Chocolate/almond sponge
4 eggs
220g butter
220g caster sugar
55g ground almonds
165g self raising flour
1tsp baking powder
4 Tbsp cocoa powder

Spoon a thin layer of the mixture into a greased, lined square/rectangular cake tin. You want this to be about 5mm thick or so - I used about 1/3 of the mix in a 10 x 6.5 inches (25x16cm). Try to get the top as smooth as possible, and the layer of batter as evenly spread - otherwise you will end up with a wonky cake! Bake at 180ºC for about 8-10 minutes - once the top looks cooked, you're probably about right - keep an eye on it and use a toothpick to check. I only have one tin the right size, so cooked the 3 layers one after the other, and that worked well. Once you take a layer out of the oven, use the greasproof paper to lift it out of the tin, and leave on a wire rack to cool.

Coffee syrup
150ml caster sugar
150ml water
2 heaped teaspoons instant coffee

Boil sugar and water together in a pan until the sugar has dissolved, add coffee powder and allow to cool. Reserve a little syrup for the buttercream.
Turn the cooled sponge layers over and remove the greaseproof paper, then pour the syrup over the sponge layers - the better coverage you can get the better.
Didn't quite manage to cover the entire cake - pretty pattern though! I'd turned the cake over, but left it on the paper to catch any run-through of syrup.
Coffee buttercream
150g Icing sugar
150g Butter
3 Tbsp Coffee Syrup

Cream the butter and sugar together in a mixing bowl. Add a little of the coffee syrup until the buttercream is the right flavour for you. Allow to cool in the fridge for a bit if too runny to spread on the cake. Put your first layer of sponge onto your serving plate (if you're serving it as a whole cake). Spread about half the buttercream over the sponge, and place the second layer on top of the buttercream. This is the fiddliest part of the process, and it helps to have someone else on hand to help if you're stuck with both hands full of cake and need something positioning! Spread the rest of the buttercream over this layer, and then place the final layer of sponge on top.
At this stage it looks a bit messy - not to worry though! Use the buttercream to get the layers as level as possible.
Chocolate ganache
100g Chocolate
45g Salted Butter
A few Tbsp smooth apricot jam, heated

Melt chocolate and butter together very gently in a double boiler (I use a plastic bowl that fits loosely over a pan of hot water without touching the water). Spread a thin layer of the heated apricot jam over the top of the cake, to ensure the ganache spreads evenly. Once the butter and chocolate are melted, stir together gently, allow to cool slightly, then pour over the cake. You may need to spread the ganache a little to ensure you cover the top of the cake completely. Dont' worry about drips down the side being untidy - this will be fixed in the next step!
Put the cake in the fridge for a few hours to allow the ganache to set.

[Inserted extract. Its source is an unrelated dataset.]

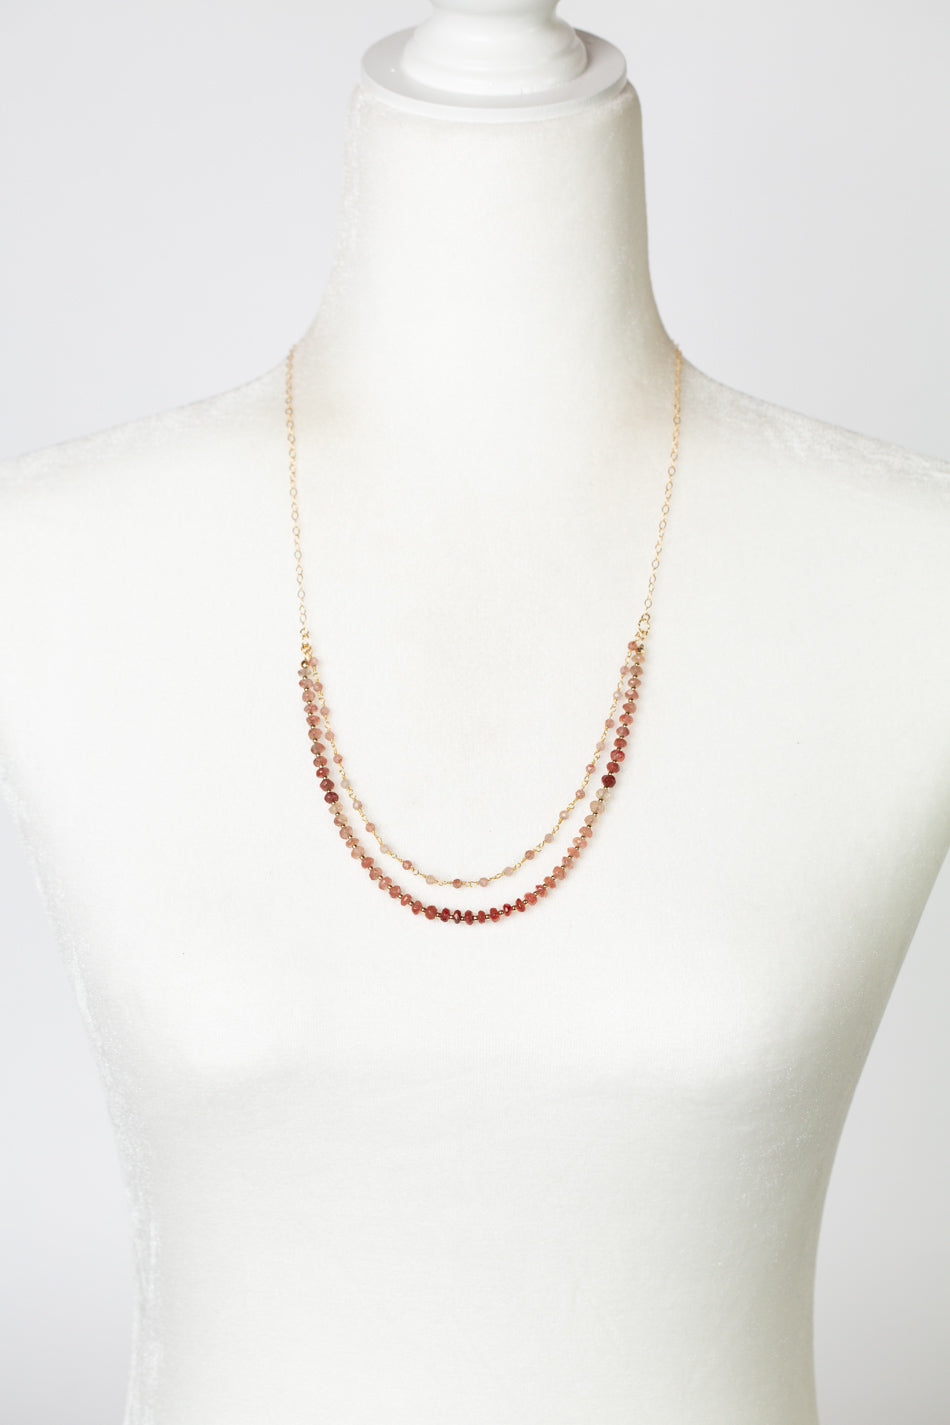 Divinity 23.5-25.5" Ombre Andesine, Faceted Fire Quartz Multistrand Necklace

Heat a sharp knife (preferably something like a butcher's knife) by running under some hot water. (Repeat between cuts). Slice off the edges of the cake, to leave a clean edge (you could cut into individual portions at this stage if required). Transfer the cake to the serving dish, and keep refigerated (in a sealed container if necessary) until about an hour before serving.
The final product! I think for presentation in the future I would do individual slices, which looked incredible (none survived long enough to photograph...).
And then sit back and enjoy all the compliments on your cake! 


  1. Stunning looking cake and you made it look so easy.

  2. Thank you! It really isn't that difficult - worth a try...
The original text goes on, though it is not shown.